Pembe Marmara, zengin bir aile olan “Saraç” ailesine mensup olarak doğdu; bu aile, kökenlerini 1571’de Osmanlı’nın Kıbrıs’ı fethettiği döneme kadar Anadolu’ya dayandırmaktaydı. Babası Yusuf Saraç Hüseyin, “Bakkal Hasan” olarak biliniyordu. Marmara, eğitim hayatına Yenicami Anaokulu’nda başladı, ardından Ayasofya Kız İlkokulu ve Victoria Kız Lisesi’ne kaydoldu. Daha sonra Öğretmen Koleji‘nde eğitim aldı ve Ayasofya İlkokulu’nda öğretmen olarak görev yaptı.

Başlangıçta, Nevin Nale, Gülen Gaye, Lafazan Meçhul, Funda ve Fırtına gibi takma adlar altında yazdı ve bu durumdan dolayı büyük bir zulüm korkusu yaşadı. Bu, o dönemde babasının ve ataerkil toplumun, kadınların şiirini skandal ve ahlaksız olarak görmesinden kaynaklanıyordu. Ayrıca, İngiliz sömürge hükümetinin memurlara yazılı eser yayınlama yasağı nedeniyle işini kaybetme riskiyle karşı karşıya kaldı.
Şiirleri, yayınlandığı Kıbrıs’taki I. ve II. Demet Şiir Seçkinleri dergileri ile Türkiye’deki Yedigün dergisinde, Kıbrıs ve Türkiye’de giderek tanınır hale geldi. Şiirlerinin büyük çoğunluğu 1944 ile 1958 arasında Kıbrıs Türk gazetelerinde yayımlandı. 1940’lı yıllarda Türk Kıbrıslı toplumunda öne çıkan az sayıdaki etkili kadından biriydi.

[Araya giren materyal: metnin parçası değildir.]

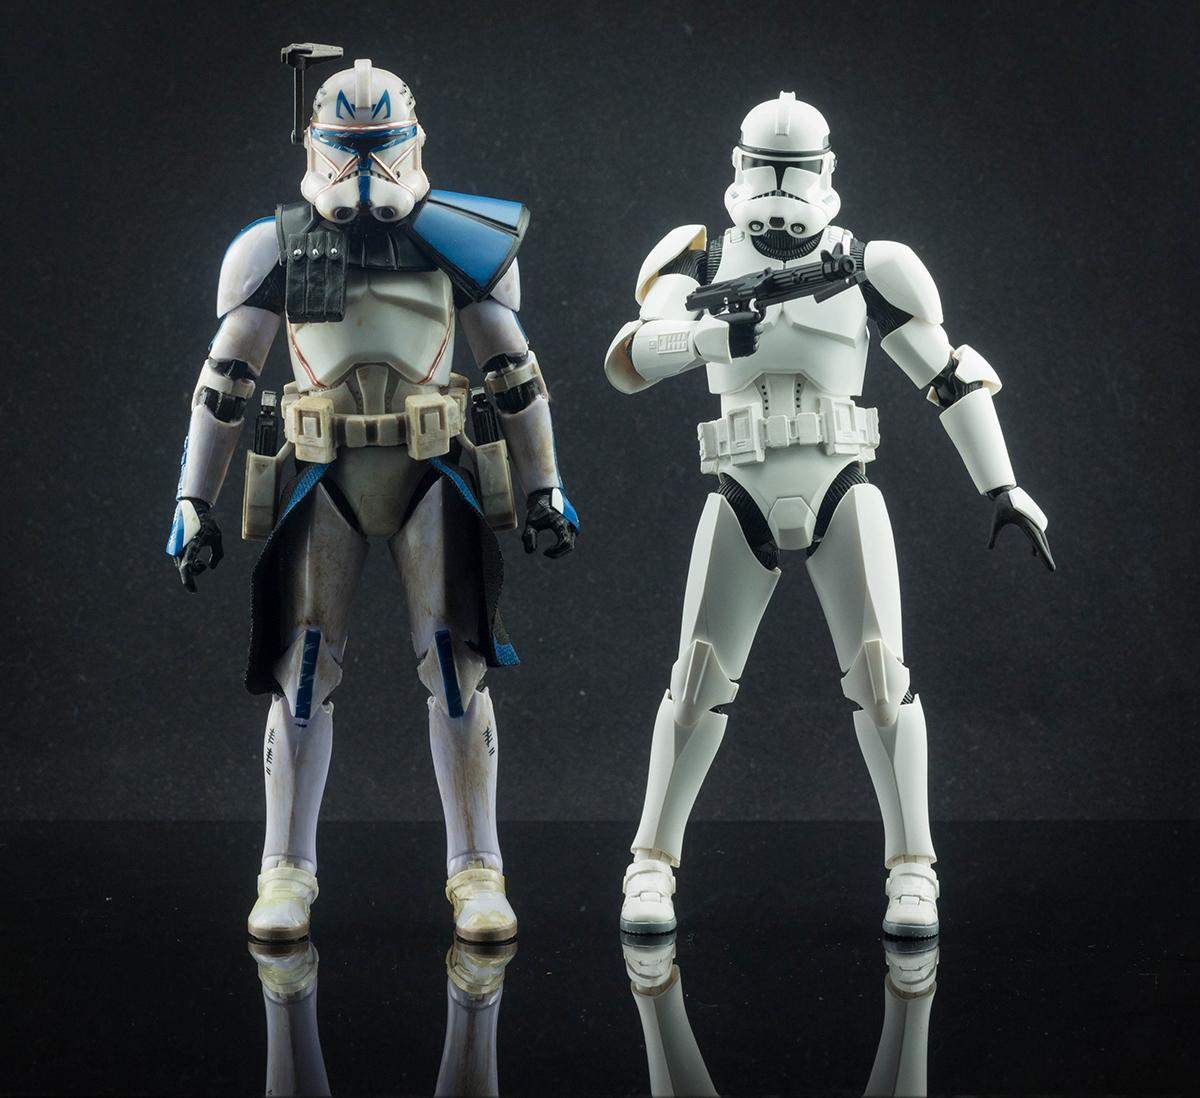 Figuarts Clone Trooper Phase Ii Vs Clone Captain Rex Toys

Kısa sürede Türkiye’deki şairlerle mektup arkadaşı oldu. Bu mektup arkadaşlarından biri olan Ümit Yaşar Oğuzcan ile aralarında romantik bir ilişki gelişti ve her ikisi de bu duygularını şiirlerinde ifade ettiler. Daha sonra Oğuzcan’ın, Pembe Marmara’ya gönderdiği bir kitap içine gizlediği bir yüzük aracılığıyla nişanlandılar. Marmara’nın babası bu duruma öfkeliydi, ancak kızı yemek yemeyi kesince, ona karşı duyduğu endişelerini bastırmak zorunda kaldı ve kardeşini İstanbul’a Oğuzcan’ı görmeye gönderdi. Ancak kardeşi, Oğuzcan’ın “şişman ve kekeme” olduğunu söyleyerek bu olasılıklara kesin bir retle döndü. Bu, Marmara’nın psikolojisini derinden etkiledi ve şiirine yansıdı.

Daha sonra psikiyatrist Sedat Baker ile evlendi ve bir süre İstanbul’a taşındılar. 1960 yılında, daha sonra ünlü bir sosyolog olacak olan oğlu Ulus Baker dünyaya geldi. Çift daha sonra ayrıldı ve Sedat Baker, yasak bir aşk ilişkisi yüzünden Girne’de öldürüldü. Pembe Marmara, oğluyla birlikte İstanbul’a geri döndü. Daha sonra kanser teşhisi konuldu ve Kıbrıs’a geri döndü. Lefkoşa Surlariçi’nde Abdi Çavuş Caddesi’nde bir evde yaşamaya başladı ve bu yerle özdeşleşti, 31 Ocak 1984 tarihinde orada hayatını kaybetti. Şiirleri, ölümünden sonra ablası tarafından 1986’da yayımlandı.